Saturday, September 5, 2009

Applesauce

Our Food Project CSA includes a fruit share in the fall. The first week's share included gorgeous Paula Red apples, which look like Macs, but have a slightly firmer texture and a slightly less sweet taste. Perfect, in other words, for the season's first applesauce.

Homemade applesauce is one of those things that sounds like it's going to be a lot of trouble, and then once you've done it, you realize two very important things:

1) It's really easy to make; and

2) It's almost impossible to screw it up.

All you need to do is wash, core and cut up the apples, toss them into a big pot over medium-high heat, add a splash of lemon juice, a sprinkle of sugar, and perhaps a bit of water, and then let them get mushy. I don't peel the apples, because I like a pinkish tint to my applesauce, and also because I'm really pretty lazy. If you want yellow applesauce, you'll have to be industrious and get to peeling. You go ahead and have fun with that; I, for one, just can't be bothered.*

Here are my lovely little Paula Reds, on their way to becoming applesauce. These are small apples, and so I cut most of them in half, quartering a few of the larger ones. I'm telling you, it's quick business.

After you've got everything into the pot, pop in some freshly squeezed lemon juice (half a lemon's worth ought to do it). As for the sugar, I like to be stingy with it, because I want my applesauce to taste like apples. I put in maybe a teaspoon to a tablespoon of sugar for every 8-12 apples, none at all if the apples are sweet enough to begin with. I've seen recipes that suggest up to 1/2 cup of sugar *faint*, so play with it and see what you like. I also sometimes add a cinnamon stick or two at this point, but I think that does more for fragrance than for flavor. Then heat the fruit for 20-30 minutes, until it's nice and soft.

At this point, you can just mash everything with a potato masher for nice chunky sauce, but then you've got to fish the peels out with a fork, and that's too much trouble for me.
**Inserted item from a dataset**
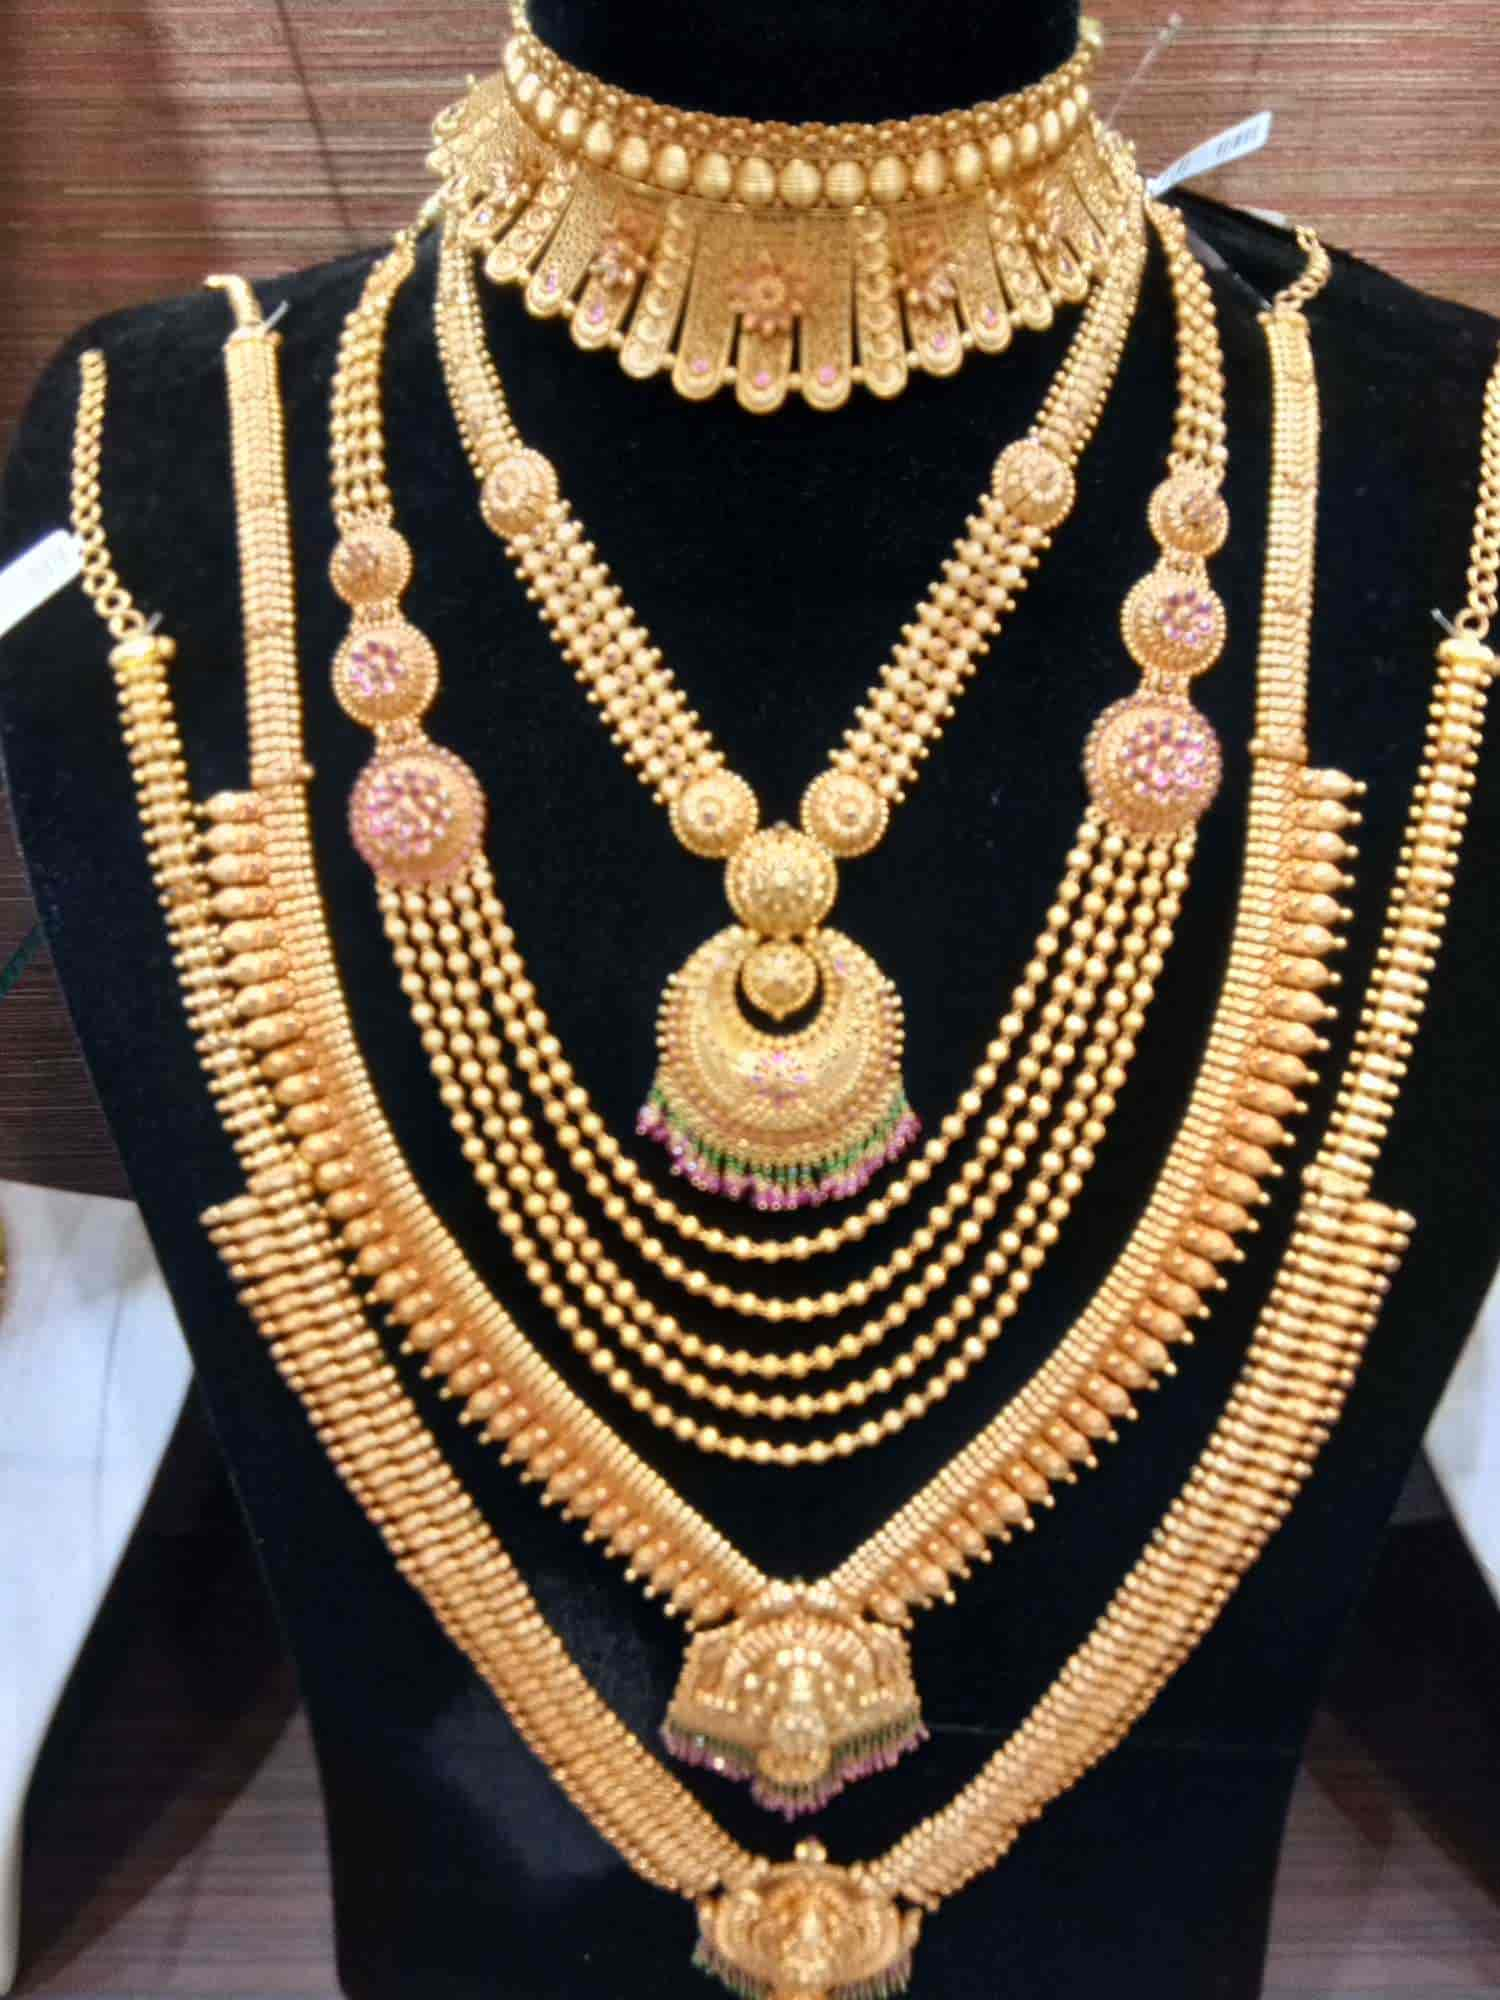 Malabar Gold & Diamonds, Prakasam Road - Jewellery Showrooms

I put it all through a food mill. Once the apples are smushed, however it's done, I like to add a teaspoon of vanilla, a sprinkle of cinnamon, and (ssh) a generous pat of butter, and stir everything in while it's still warm.

After that, you can just go ahead and continue to dump cinnamon in there to your heart's content. See? Wasn't that easy?

Homemade applesauce freezes nicely, if you can get to that point. Ours usually doesn't hang around long enough to make it to the freezer. I've tried making applesauce and canning it, but haven't come up with anything that withstands the additional heating time in the canner well enough for me to prefer it to freezing.

*If you have one of these fun apple corer/peeler/slicer gizmos, go for it. My kids love to use ours, but I usually save that for apple pie projects.

Tuesday, September 1, 2009

I Know, Everyone's Doing It, But...

OK, I caved. After seeing Julie and Julia a couple of weeks ago, I kept pulling out my Child cookbooks and thinking about diving in. I opened Baking with Julia and made some nice buttermilk muffins, but I really couldn't summon the courage to face anything from Mastering the Art of French Cooking - it all just seems too much, especially on a warm summer evening. And of course everyone else is doing the Julia thing now, which makes it seem silly and redundant for me to chime with one more voice in praise of Mrs. Child.

But...today, I returned home from our CSA pickup laden with fresh eggplants, zucchini, onions, parsley and plum tomatoes. Shortly thereafter, I found this in my garden (OK, not really a garden - in one of my Earthboxes on the deck):

This pepper is particularly beautiful to me because I've not had much success growing my own food. I've managed a few feeble herbs from time to time, and I had one summer of successful cherry tomatoes (successful in that the plants produced nicely, but I can't say much about their taste, because our dog harvested most of them), but that's about it. The Earthbox thing seems almost too good to be true, especially for someone like me.

At any rate, faced with this particular combination of vegetables, I felt I really had no choice. So I dragged out a splattered copy of Julia Child's recipe for Ratatouille (yep, the old complicated one from Mastering) and braced myself.

I made a huge mess, and used too many pots and pans and dishes and spent far too much time peeling tomatoes and measuring zucchini slices and thinking this surely wasn't worth the trouble - which is what I think every time I try a Julia Child recipe. And then I tasted it. Damn. This ratatouille is one of the best things ever produced in my kitchen.

The only real issue I have with the recipe is that it allegedly serves 6-8 people, and I could quite easily have eaten the entire casserole. That's 6-8 French people, who have a much more reasonable attitude about food and who sit and savor their meals and eat small portions of fabulous things. A nice way to go about it, if you have the time.

Oh...what about yesterday's angst and resolve to work to fight hunger, not to wax poetic about food, you ask? Don't worry, I'm still feeling guilty and still determined to do something worthwhile. But sometimes food just tastes really good, and you can't fight it.